My framed 1993 premiere issue of Wired, hanging on my kitchen wall.

The first issue of Wired magazine from 1993, now free on iPad

I was very happy to see that Wired magazine has published its iconic inaugural issue on the iPad as a free download. I stumbled on the premiere issue at the Design museum in London, when I attended a HyperCard User Group meeting as a representative of my own company Ahead Multimedia AB. One of the organizers of this meeting was the TV journalist Max Whitby, who then run the Multimedia Corporation, a BBC company in London. Max had written an article in the premiere issue: “Is interactive dead?” (Check out his wonderful TEDxLondon talk and his talk on ebooks at Ebook Lab Italia)

Wired has been with me ever since that premier issue in the spring of 1993, I have so many memories from it. Here is an early commercial that sets the mood back then…

One interesting thing about Wired’s premiere issue is that internet was only mentioned twice. This was deliberately, as they wanted Wired to be about everything digital and how it transforms society. But internet would soon become an important subject for Wired and they also launched their own internet services like the search engine HotBot and their online magazine HotWired where they ignited the banner ad format.

I do feel that Wired has lost most of its original quality since 2001 when the editor Chris Anderson took over and steered it away from the long essays on tech and societal development and converting it more into a guys gadget magazine. But I still read Wired online and sometimes find inspiring pearls. But I stopped buying the Wired iPad edition since I find it annoyingly similar to the old CD-ROM format that I produced so much of in the 90s, I wrote about that in my post: iPad media apps: CD-ROM revisited.

This is an important historic document!

I do encourage everyone interested in internet history and future digital development to read the Wired premiere issue on an iPad. Turn on the wonderful annotations where you get inside information and today’s perspective on all the articles and ads.

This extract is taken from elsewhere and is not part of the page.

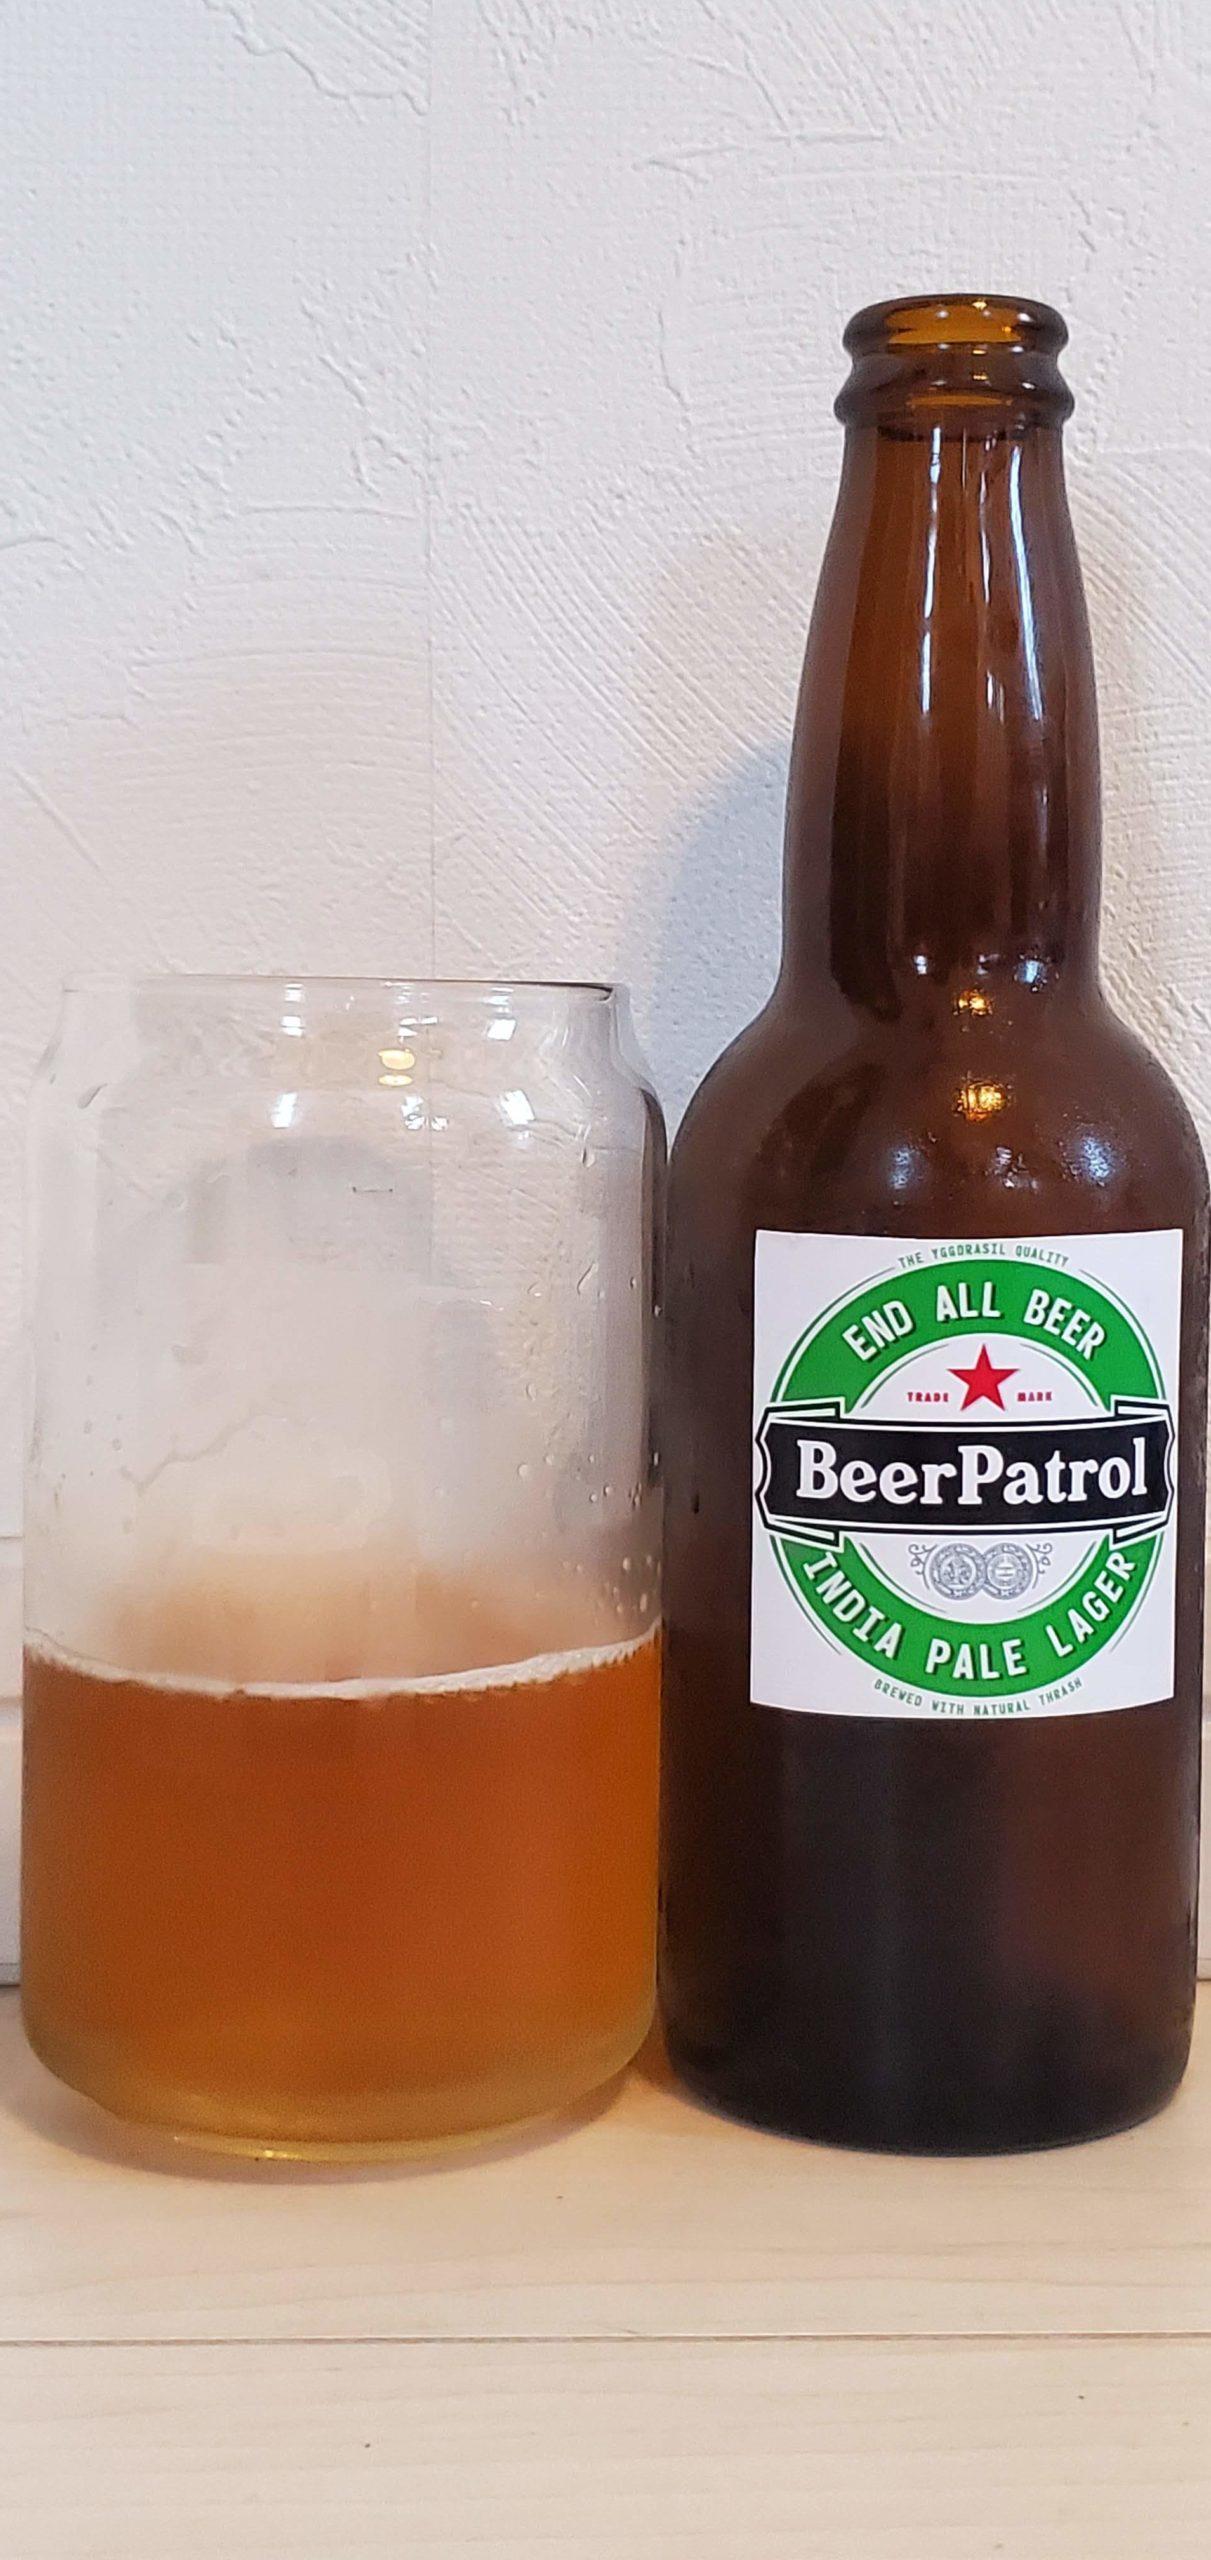 Yggdrasil Beer Patrol・イグドラジルビールパトロール

19 years with Wired, what’s next?

1993 is 19 years ago.  This was just before Internet became mainstream, here is what the web looked like back then:

Mosaic, the first “visual” web browser.

GSM mobiles had just emerged, but were still seen as expensive “yuppie toys” by most people. So in these 19 years we have seen a big transformation of our society and the ways we live, work and communicate.

Do you think that the next 19 years will show less or more progress? I think much more! The development curve is getting much steeper now that we have so much infrastructure in place in the form of broadband mobile networks and inexpensive development tools and sensors.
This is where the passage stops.